* RECORDS SHOWN *
━━━━━━━━━━━━━━━━━━━━

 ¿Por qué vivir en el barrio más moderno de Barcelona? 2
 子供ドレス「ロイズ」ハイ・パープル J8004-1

━━━━━━━━━━━━━━━━━━━━

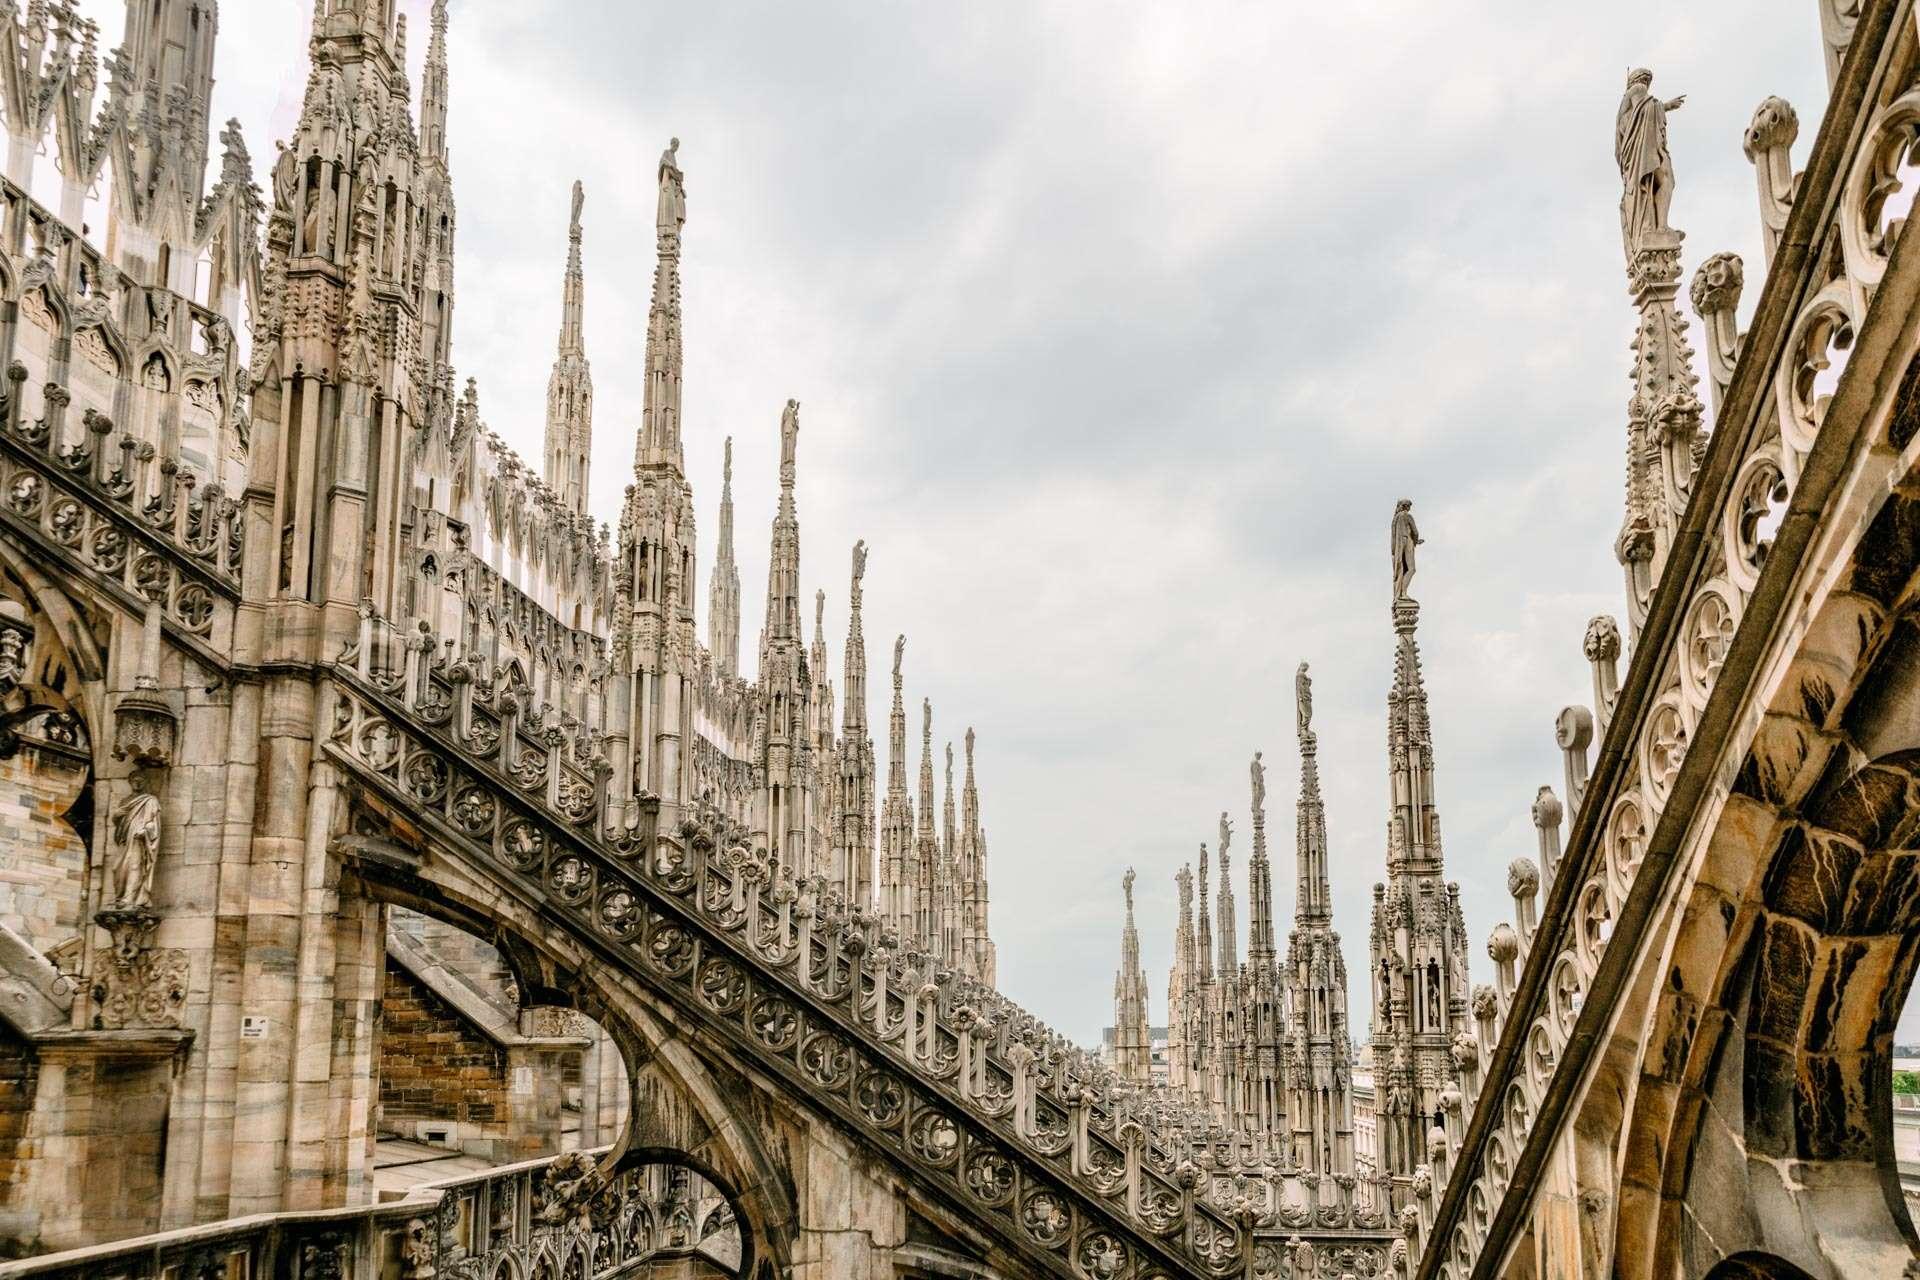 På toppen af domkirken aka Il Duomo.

━━━━━━━━━━━━━━━━━━━━

* TASK GOAL *
Above is a listing; print exactly its lines from the one with "de Barcelona? 2" through the one with "子供ドレス「ロイズ」ハイ・パープル J8004-1", and no other lines.

* RESPONSE *
 ¿Por qué vivir en el barrio más moderno de Barcelona? 2
 子供ドレス「ロイズ」ハイ・パープル J8004-1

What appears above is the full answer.